Rostislave Belyakov Chief Designer for Sukhoi stated in an interview that the Su-27 is capable of withstanding 13G’s.
Adrian
RE: Three questions about radars
Can the F-22 detect that he has been detected
Yes, and the ALR-94 can determine the transmission source’s range (time of arrival technique) and angular accuracy of ±2º. Accurate enough to target a Slammer Missile to the target!
if you don’t have the emitter characteristics in your database, you can conclude little.

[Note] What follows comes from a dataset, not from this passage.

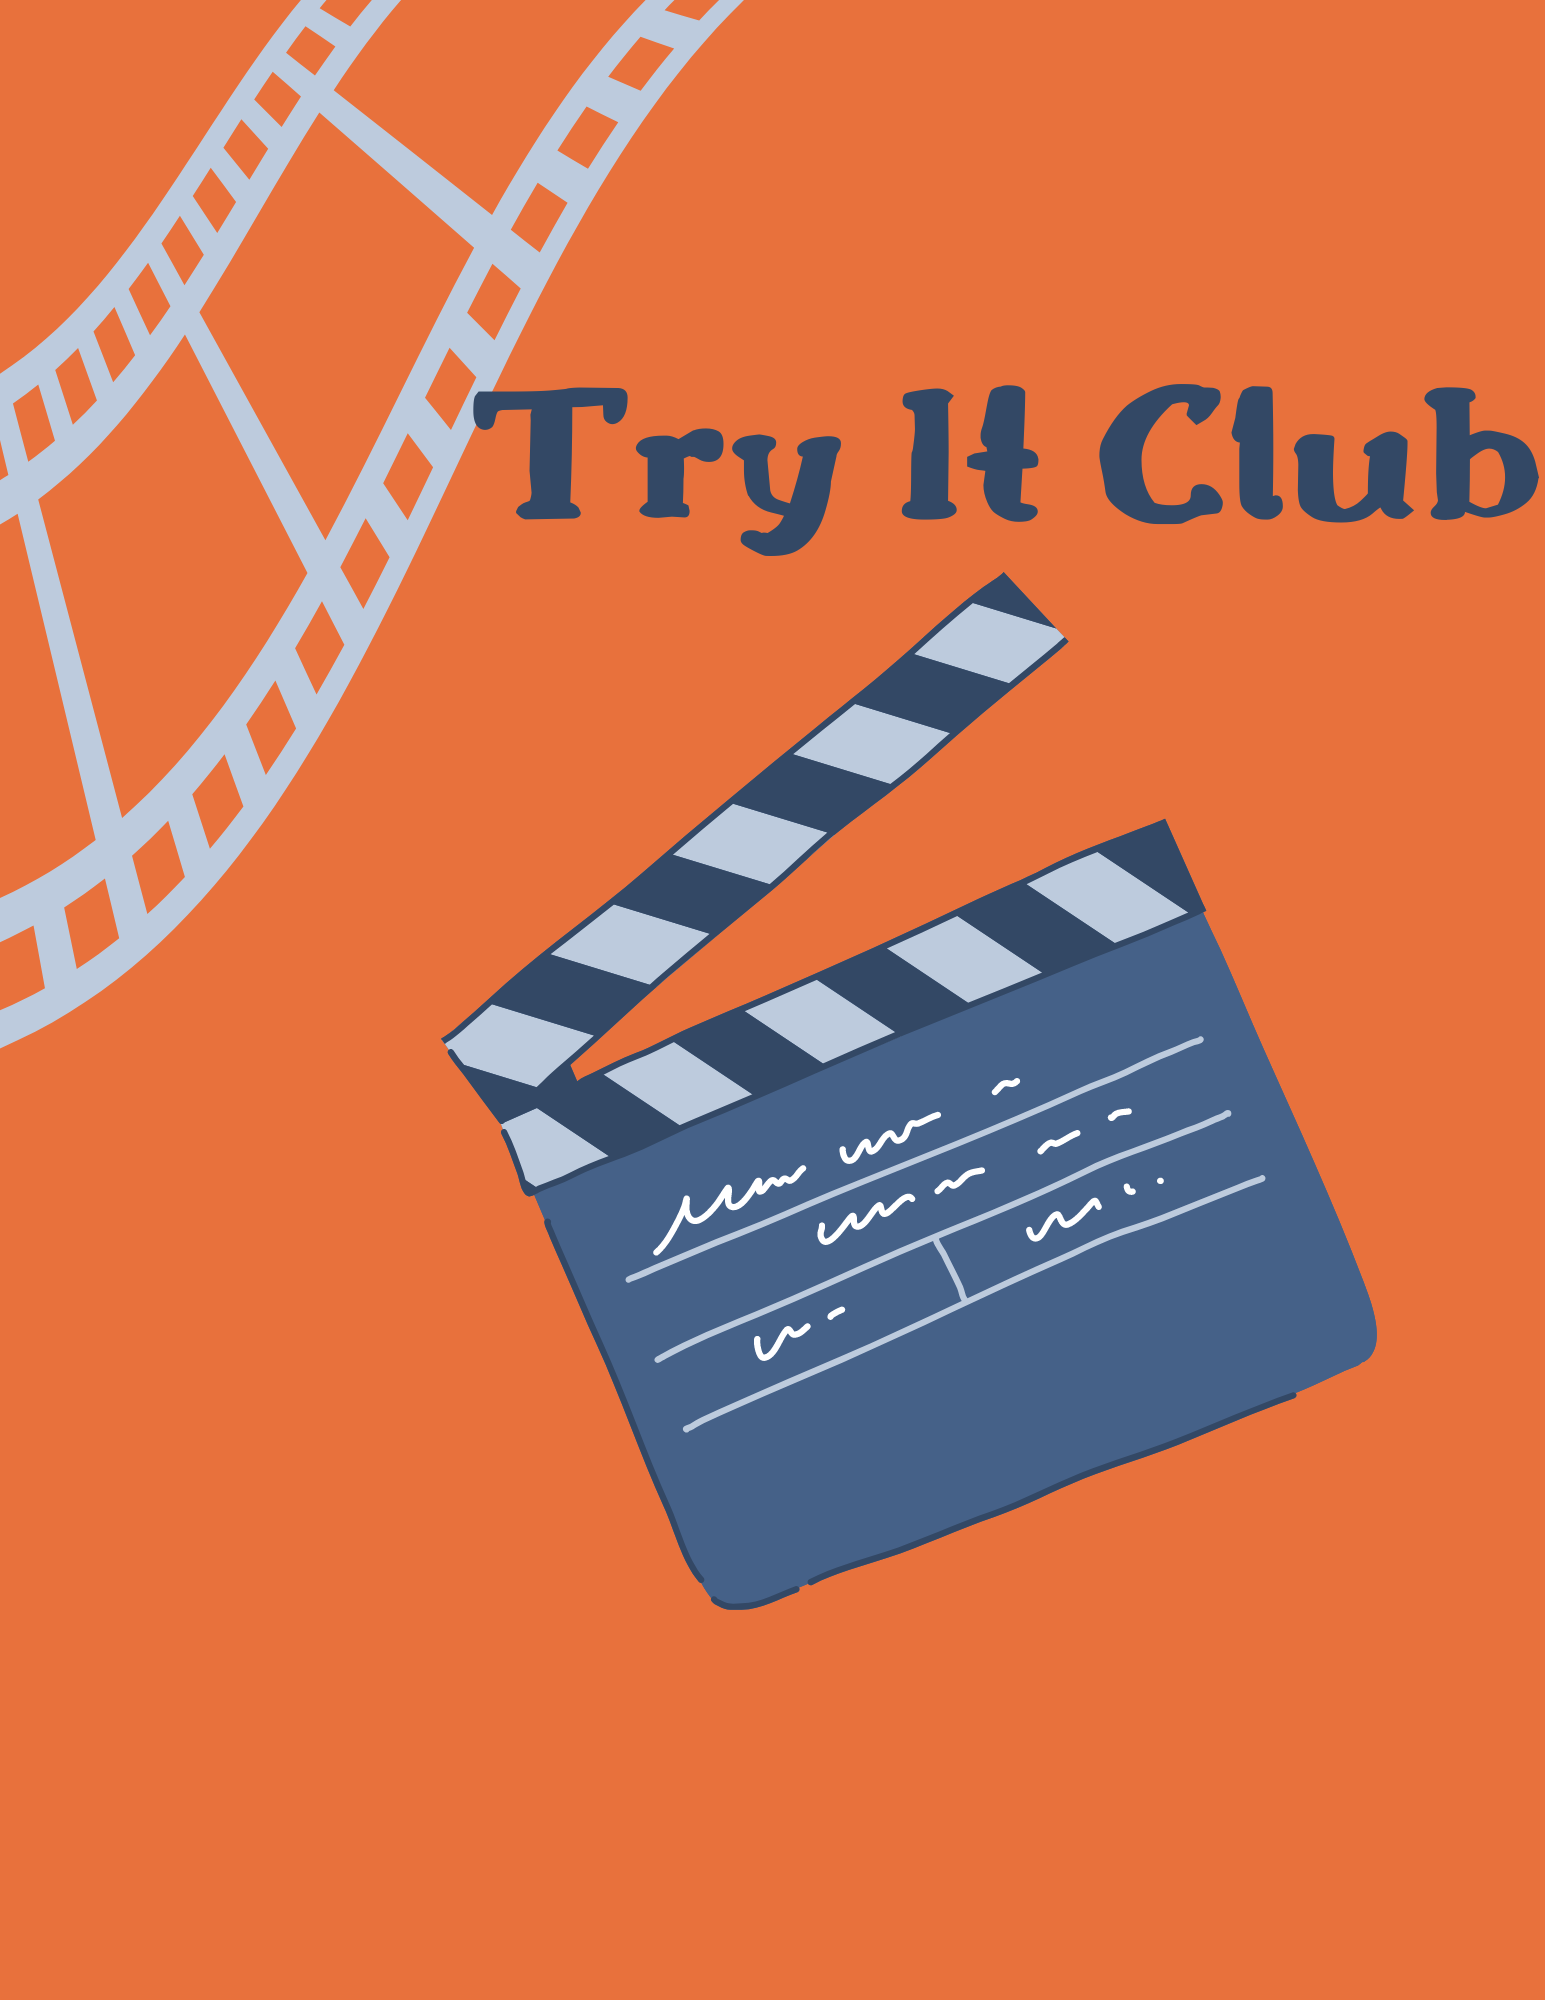 try it club image with film images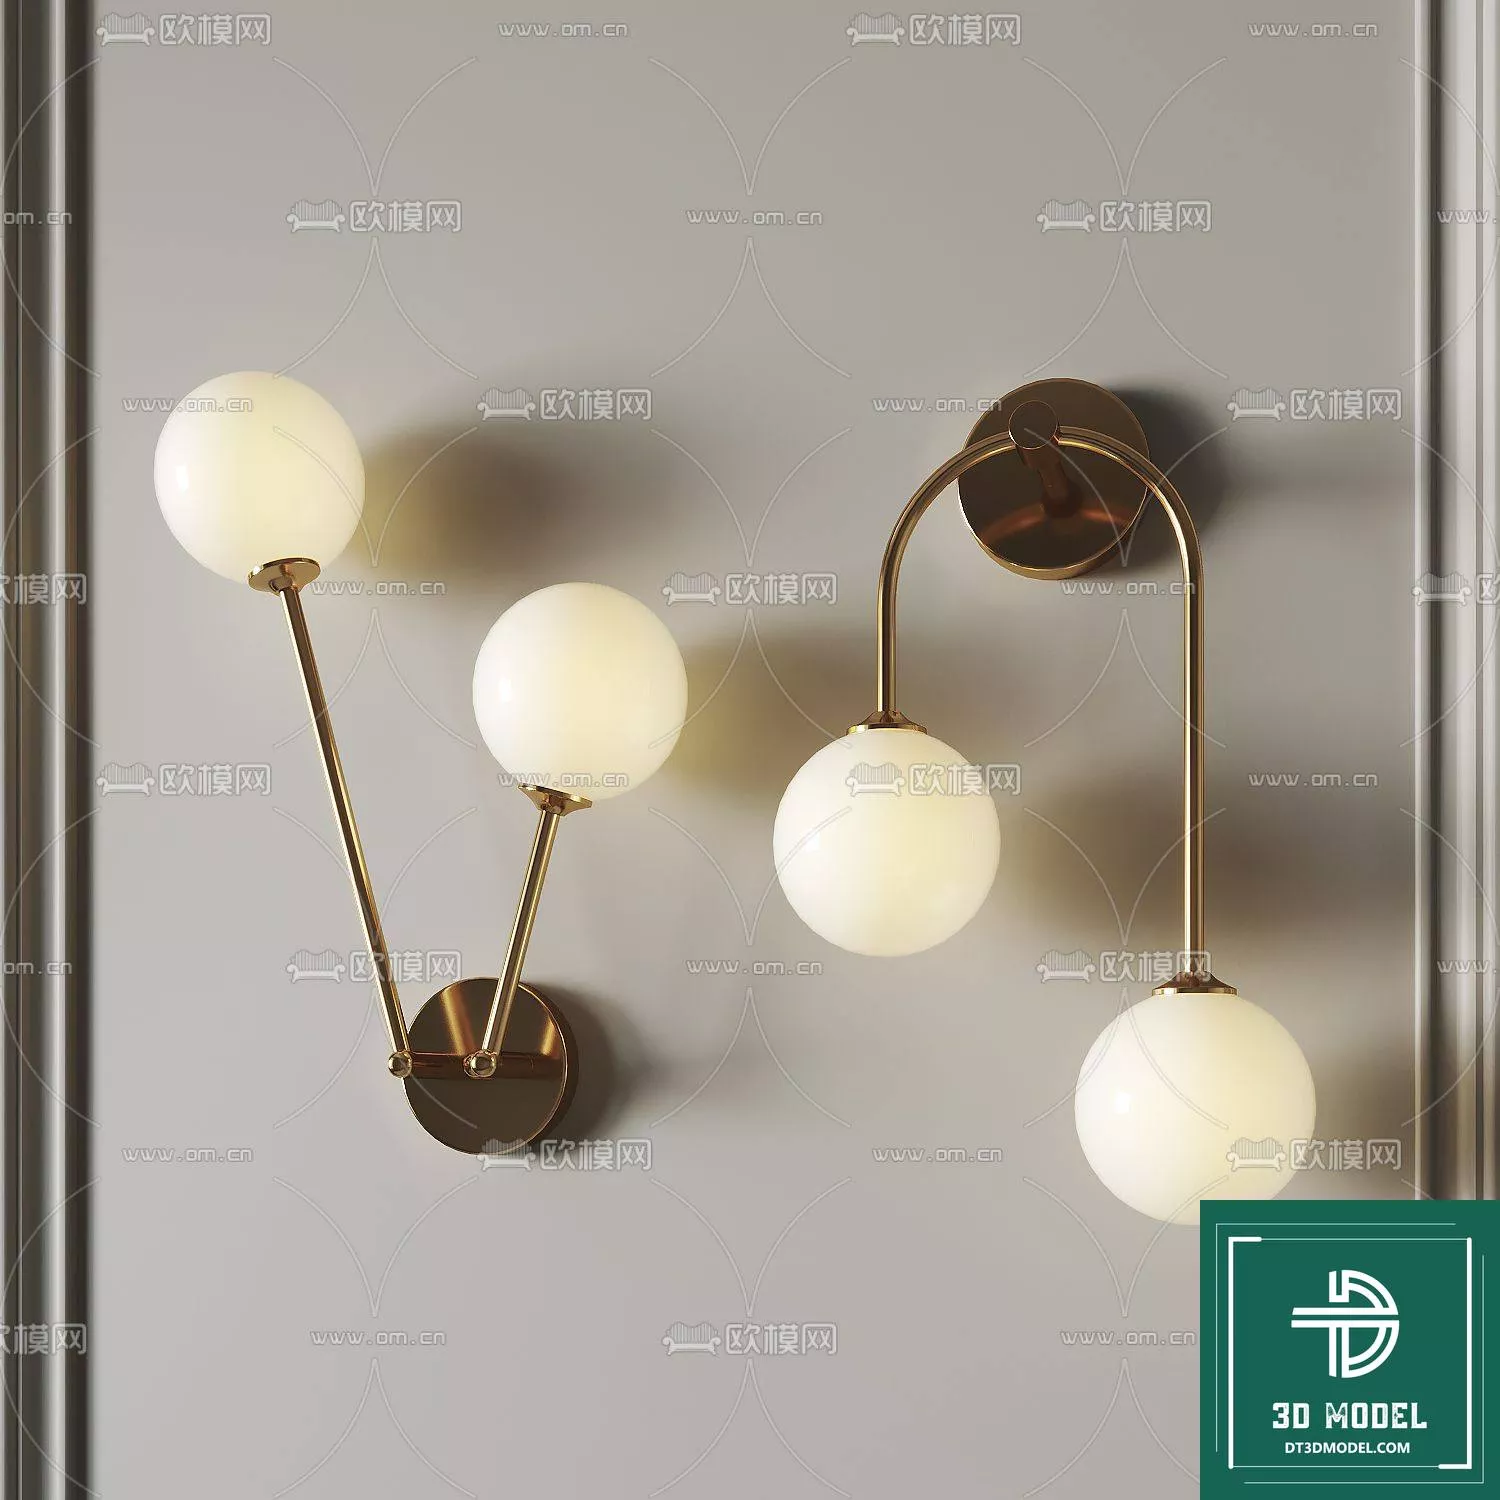 MODERN WALL LAMP - SKETCHUP 3D MODEL - VRAY OR ENSCAPE - ID16027

If the ALR detects hostile emissions, but doesn’t have an entry in it’s database on that particular emitter, it can’t approximate the range
That is what “air intelligence” is all about. Obtaining information without ever encountering the potential enemy. Remember, by 1986 the KGB/GRU had provided the Soviet AF commanders the complete specs for the F-117, they thought the information was ‘mis-information’ from Lockeed! The commanders did not believe the intelligence estimates until Jan. 1991, then they believed the reports.
Using signal levels alone to determine the range will get you nowhere
Power level is just one element in determining detection range. Knowing the RCS of your aircraft, the power level, frequency, characteristics, etc. all go to making a fairly accurate estimate as to the range at which your aircraft can be detected.
The F-22 has an offensive display screen and a defensive display screen. Symbology on the screens shows circles around ground radar sites at which the F-22 can be detected and a cone shaped area in from of a fighter symbol that indicates how far away the F-22 can be detected. So the pilot can determine what tactics he will use.
Adrian
RE: state of the Israeli Air Force
Janes Book of Aircraft 2005/2006 credits the Israeli AF with 280 F-16’s (of all variants), after the F-16I’s are delievered. They also stated that the Egyptian AF has 220 F-16’s.